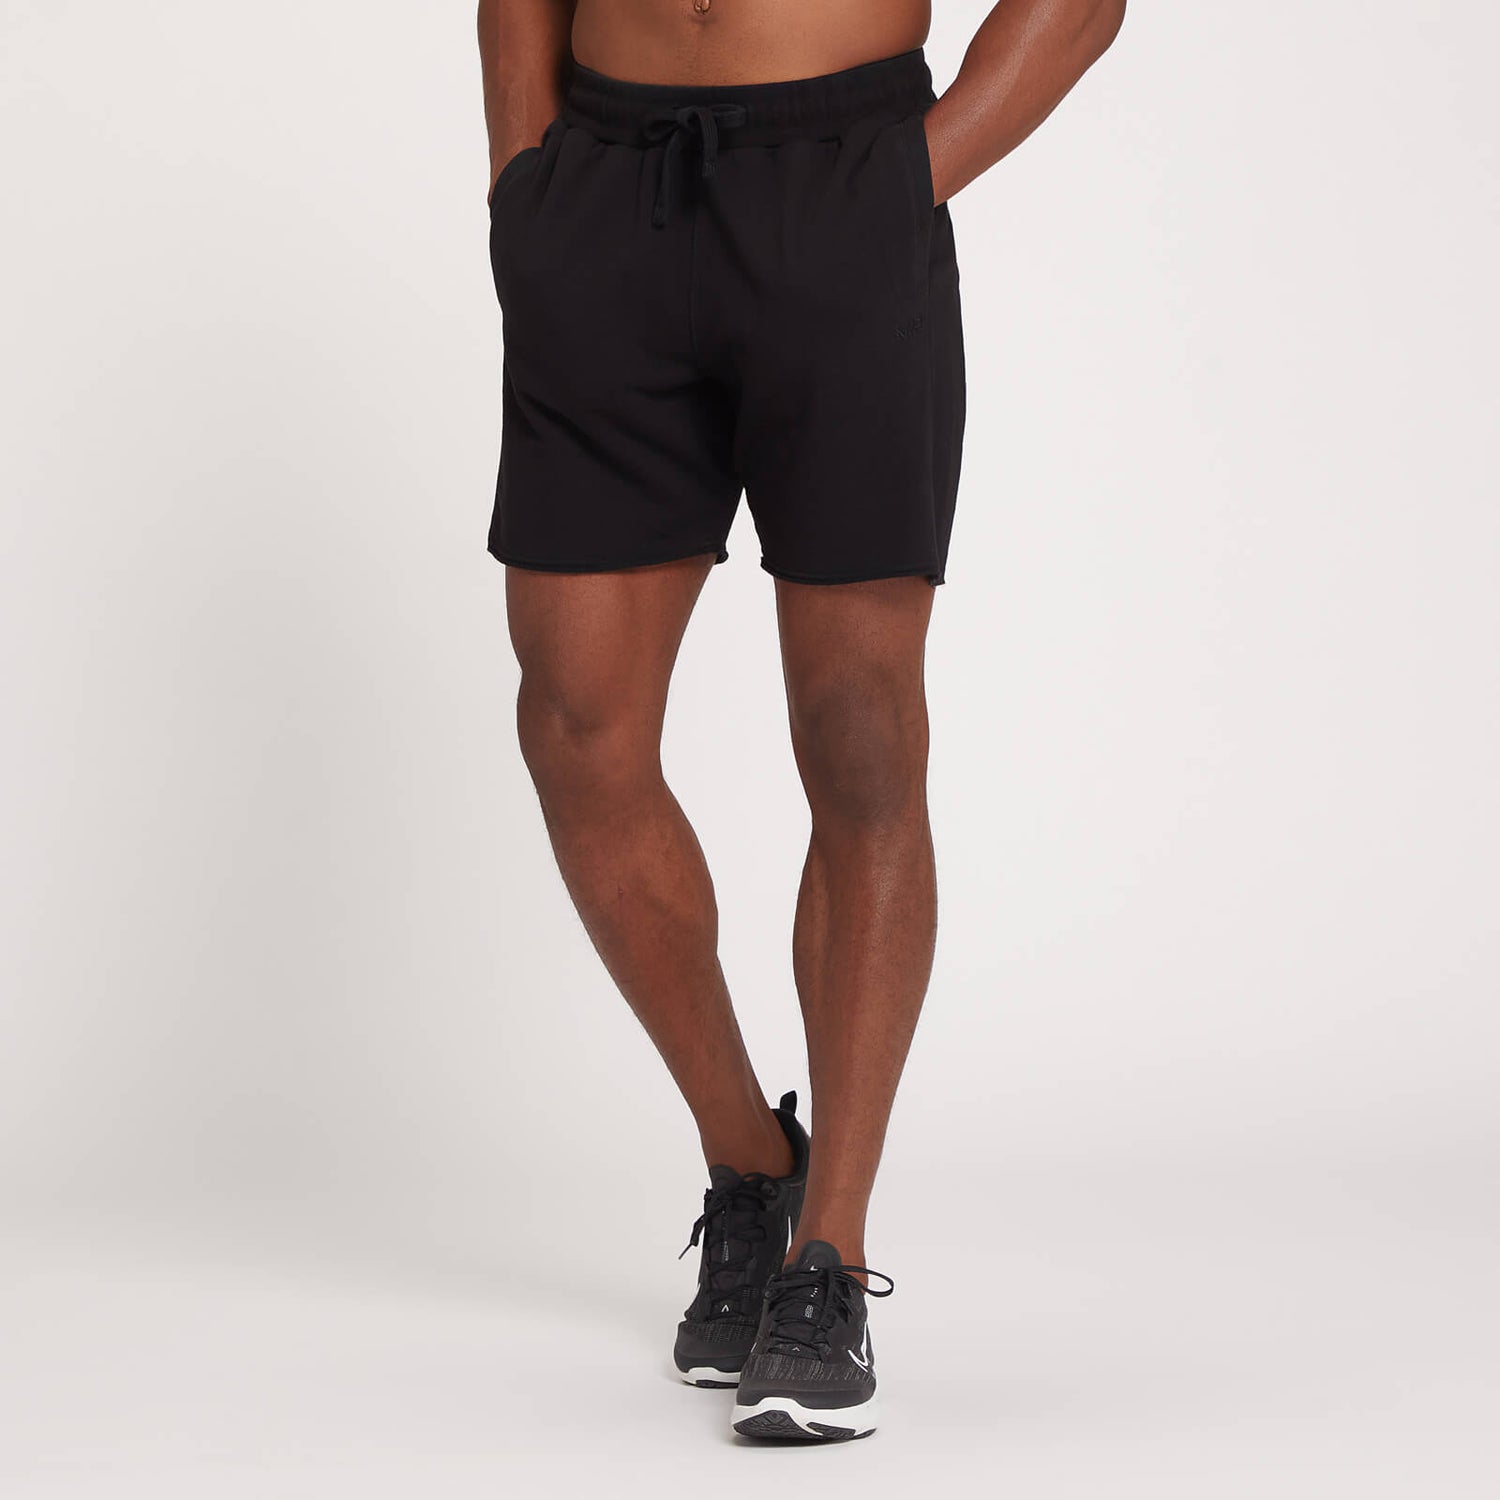 MP omejena izdaja moških kratkih hlač za trening – temno črna​ - XXS
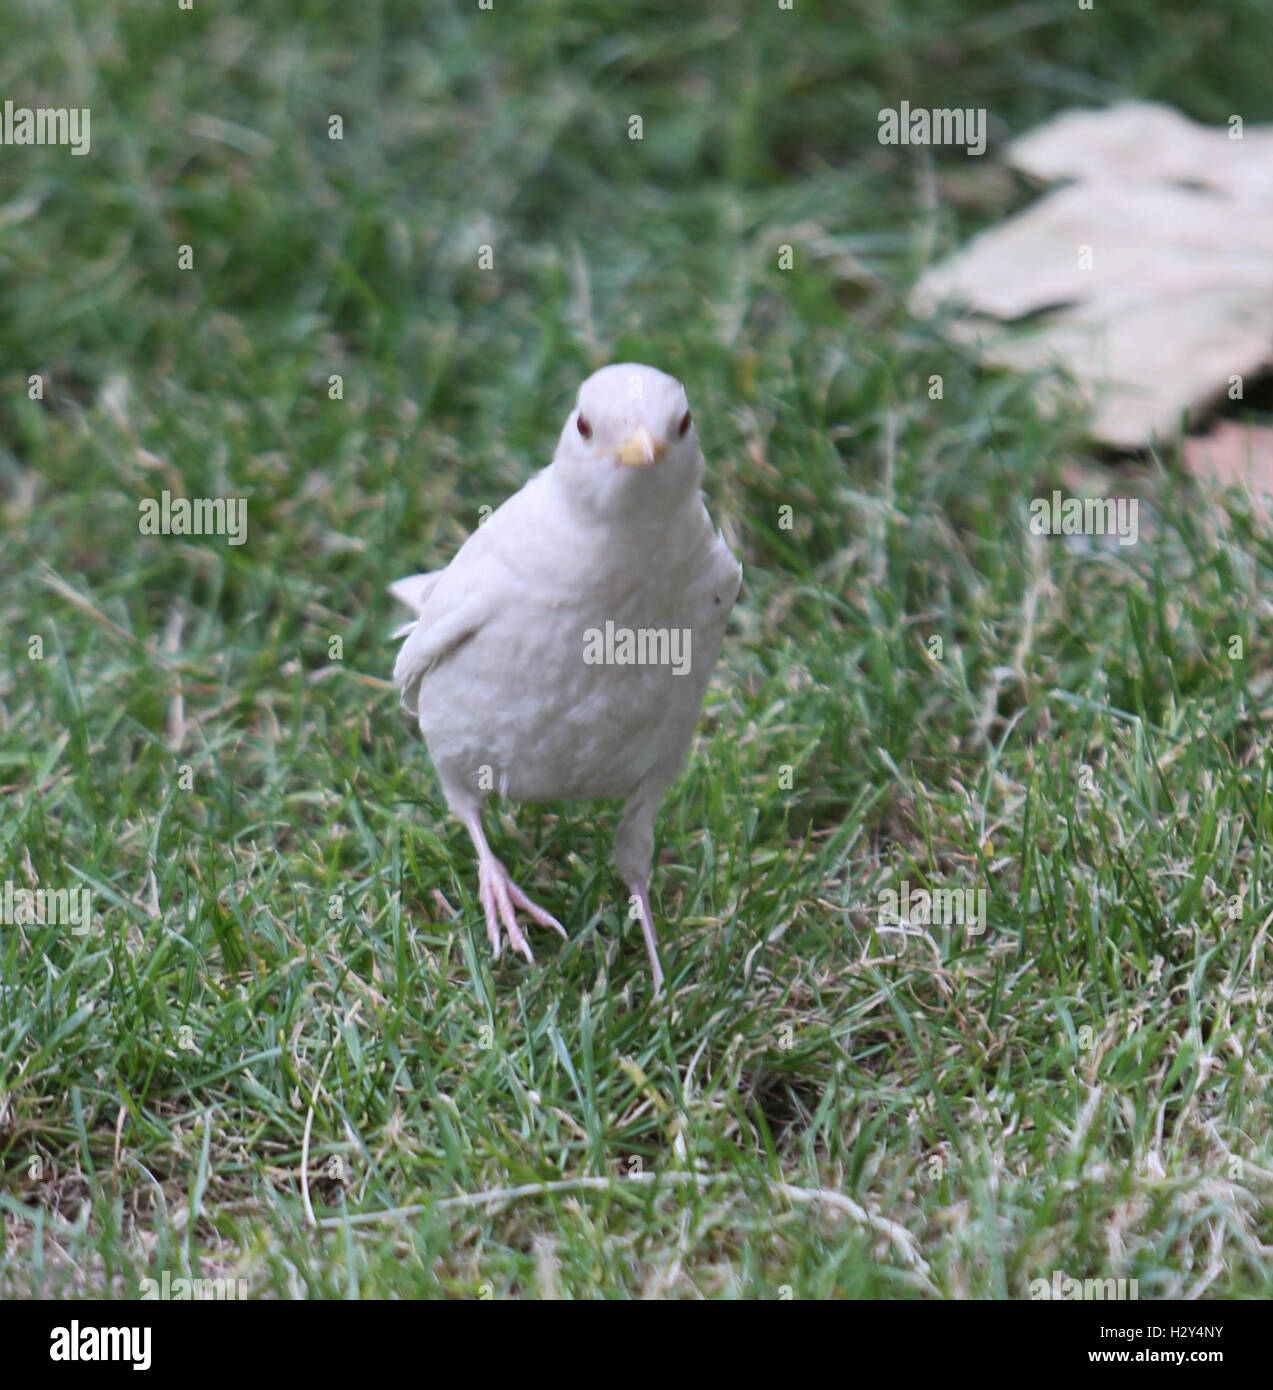 Un fotografo di Londra ha catturato su telecamera estremamente raro avvistamento di un albino blackbird su London Southbank. L'albinismo descrive gli uccelli in cui alcuni o tutti i normali pigmentazione è mancante. Essa è più spesso ereditato ma può essere causato da oth Foto Stock
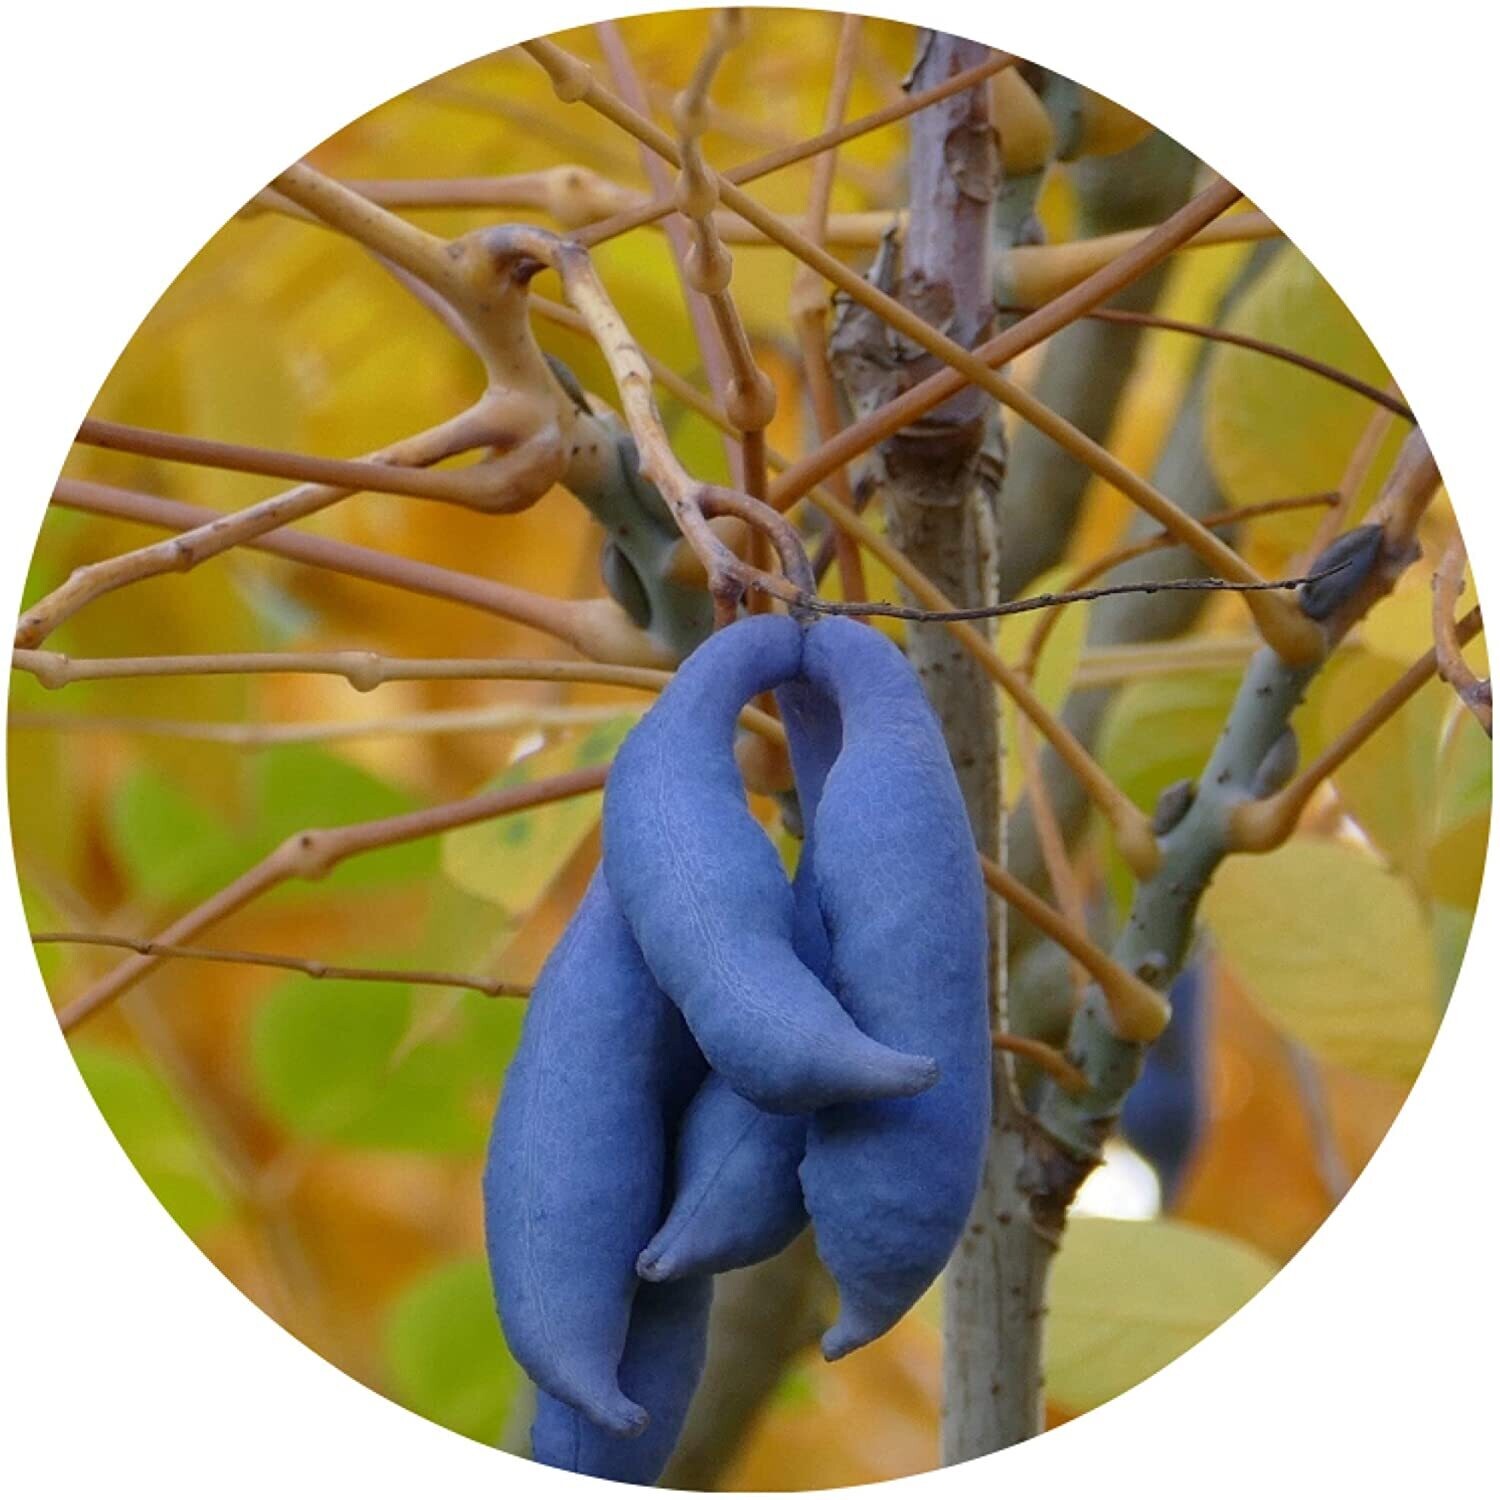 Blaugurkenbaum / Decaisnea fargesii / 10 Samen / Blickfang / Attraktion / blaue Gurken

────────────────────────────────────────

**Task to complete**
Everything from the line containing "Un fotografo di" to the final line of the listing above, both ends included, should be transcribed word for word, except for the pictures.

**Response area**
 Un fotografo di Londra ha catturato su telecamera estremamente raro avvistamento di un albino blackbird su London Southbank. L'albinismo descrive gli uccelli in cui alcuni o tutti i normali pigmentazione è mancante. Essa è più spesso ereditato ma può essere causato da oth Foto Stock
 Blaugurkenbaum / Decaisnea fargesii / 10 Samen / Blickfang / Attraktion / blaue Gurken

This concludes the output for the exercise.